Ved Mehta, an Indian-born writer best known for his multi-volume memoir, died in his home in New York on Saturday due to complications from Parkinson's disease, his wife Linn Cary Mehta said in a statement. He was 86.
Born in 1934 in Lahore, undivided India, Mehta was afflicted with blindness at the age of three due to cerebrospinal meningitis. His father, Amolak Ram Mehta, was determined to give him a decent education and sent him off to study in a school for the blind in Bombay (now Mumbai).
Later, Mehta was sent off to Dehra Dun, where he learned Braille reading and touch typing, a skill that enabled him to apply to colleges for the blind in the US. He was eventually accepted by one in Arkansas, where he went on to study, followed by stints at Oxford and Harvard. In 1961, at the age of 26, Mehta was hired as a staff for the New Yorker by William Shawn, one of the legendary editors of the magazine, who was impressed by Mehta's early autobiographical pieces.

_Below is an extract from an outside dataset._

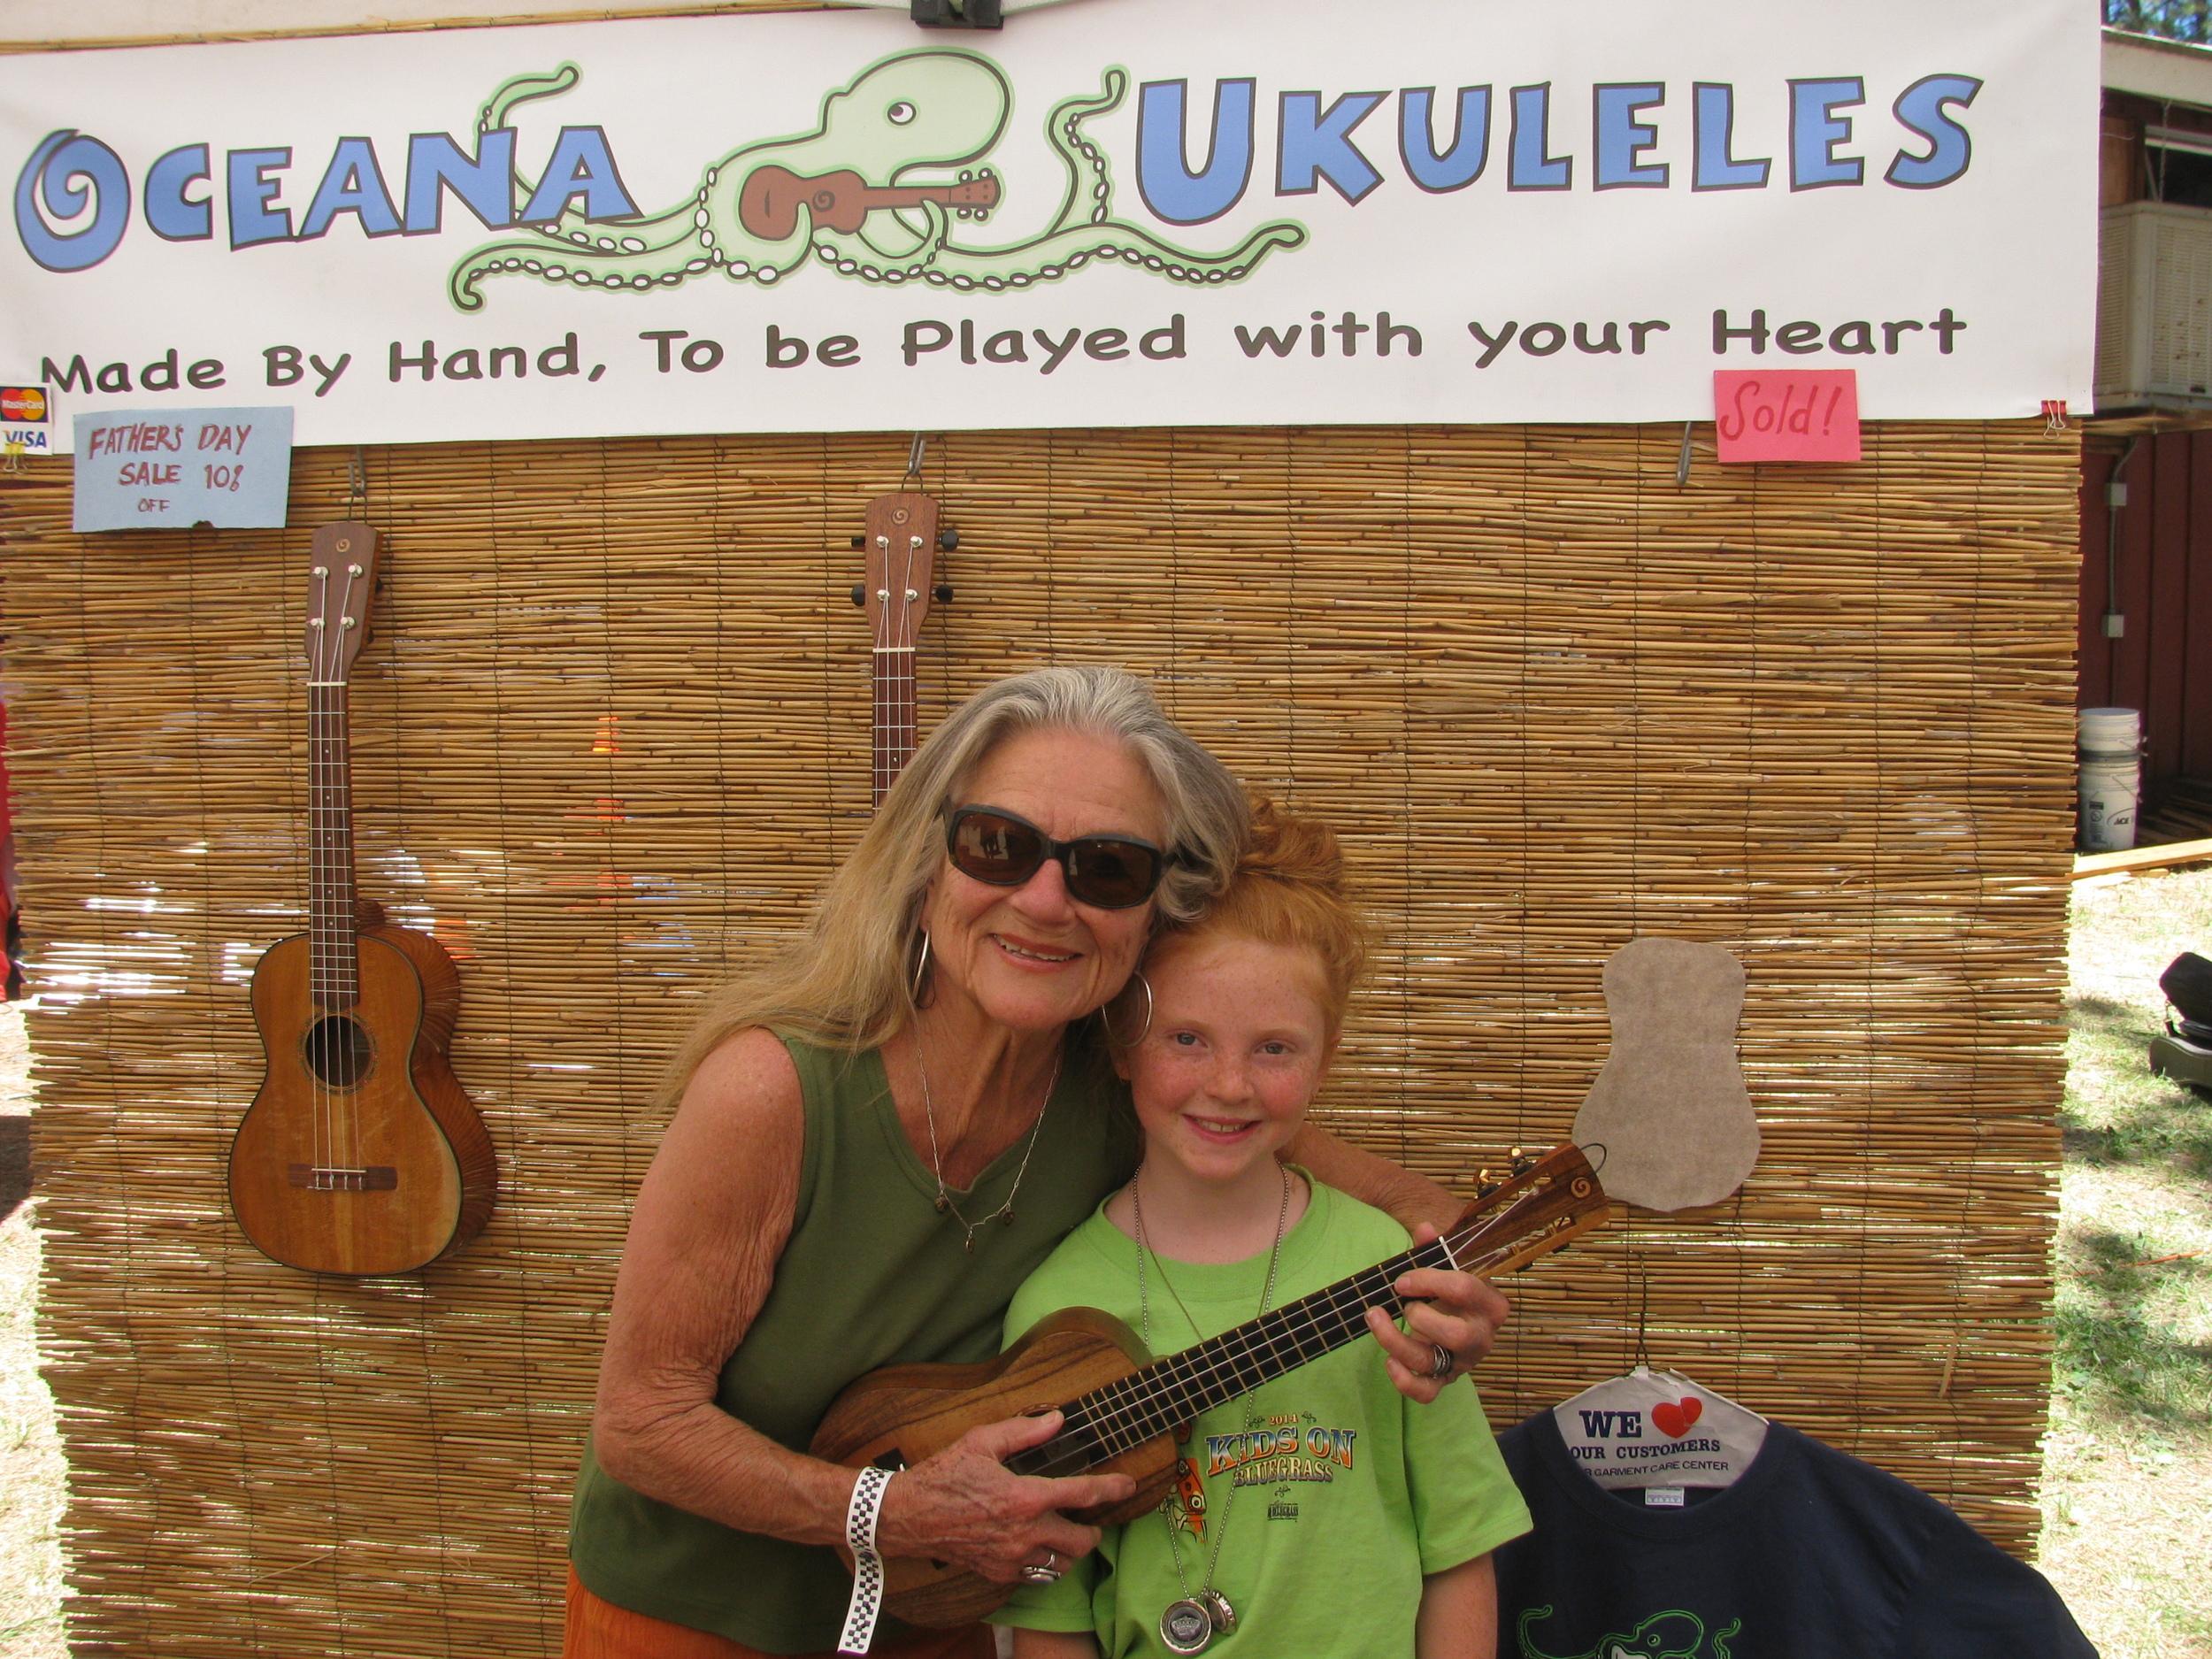 La Wanda Welcome to the Oceana Ukulele Family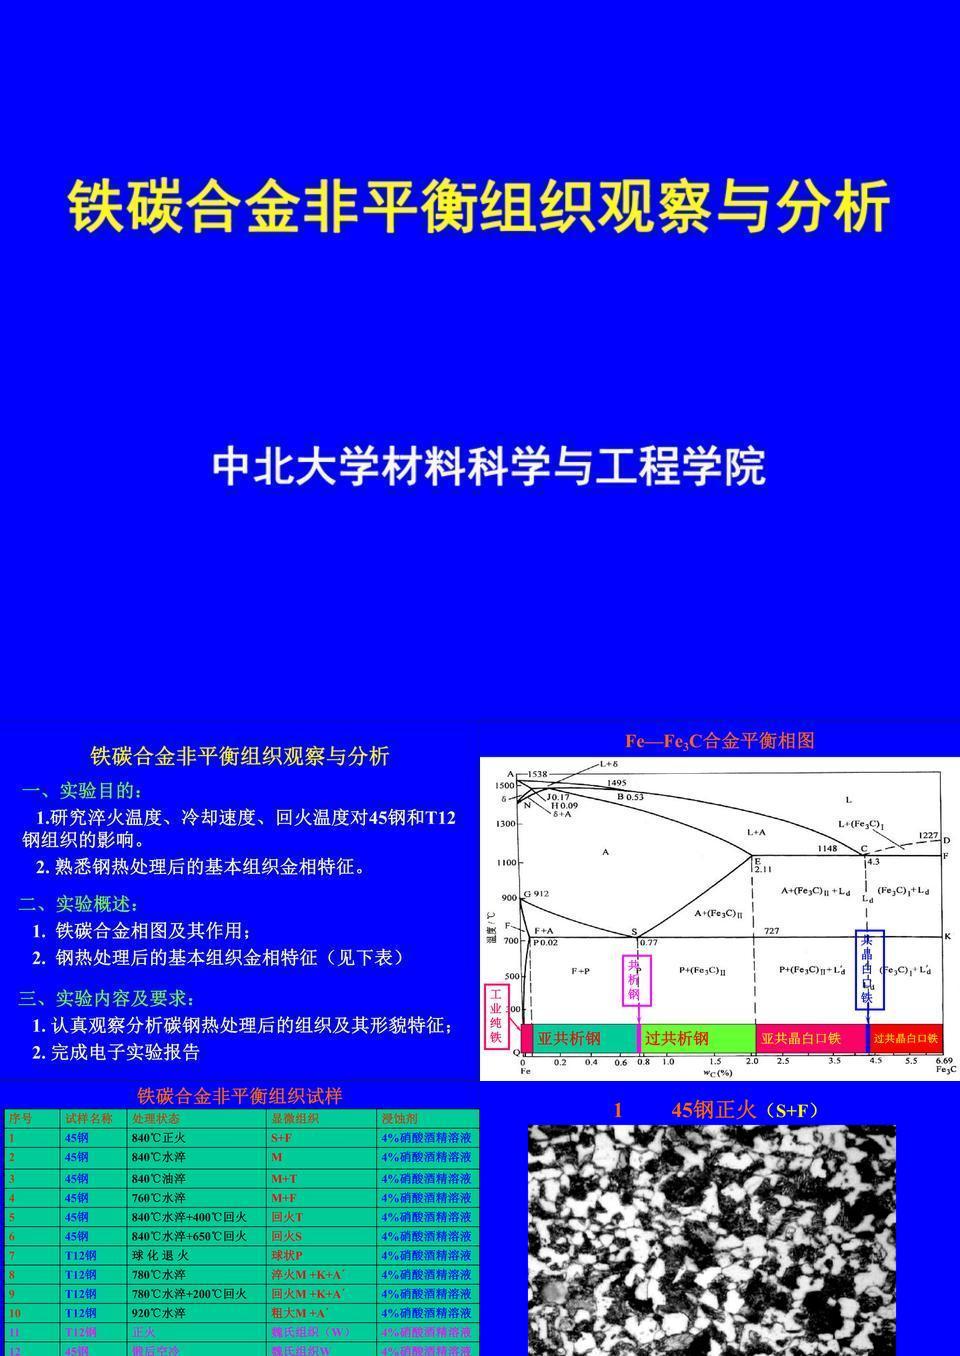 铁碳合金非平衡组织观察.ppt

In fact, memoir would become Mehta's chosen form for most of his writing life, even though he was equally adept at journalism and also known as a novelist. His first book, Face to Face (1957), explored his struggles with blindness, which would become an abiding theme of his work. He drew luminous portraits of Indian life in books like Walking the Indian Streets (1959) and Portrait of India (1970). In his 12-volume memoir Continents of Exile, published between 1972 and 2004, he wrote about his early life in India, his parents, relatives and the political landscape of the country since independence and Partition.
Although Mehta's prose was acclaimed internationally, especially for bringing India close to American readers, it was also criticised for being intensely self-indulgent, if not dull. Shawn, one of his early mentors, thought otherwise. "He writes about serious matters without solemnity, about scholarly matter without pedantry, about obscure matters without obscurity," he said about Mehta. Later editors of New Yorker, like Tina Brown, begged to differ; Mehta was fired after she took over the magazine in 1994.
Author of over two dozen books, Mehta was also accused of being misogynistic and patrician. The late Norman Mailer doubted his blindness, threatening to punch him into admitting that it was only an act—he never did. In spite of his see-sawing reputation, Mehta's devotion to his craft remained undiminished. He dictated his drafts to (mostly women) assistants (Spy magazine described them as "Vedettes" in an article in 1989) and is believed to have revised his books and articles often over a hundred times before publication.
Mehta had a deep impact on generations of writers and reporters, especially on those who, like him, moved abroad and lived in exile (he became an American citizen in 1975 and was granted the MacArthur 'genius' grant in 1982). In a tribute to Mehta on Twitter, writer Amitava Kumar recalled reading him as a student in Delhi. "He taught me to write about our own streets," Kumar wrote.
I was enrolled as a B.A. student in Political Science at Hindu College in the 1980s. Instead of going to my classes, I got off the bus at the Sahitya Akademi library and read writers like #VedMehta. He taught me to write about our own streets.
— Amitava Kumar (@amitavakumar) January 11, 2021
Mehta is survived by his wife and two daughters, Sage Mehta Robinson, who is a writer herself, and Dr Natasha Mehta.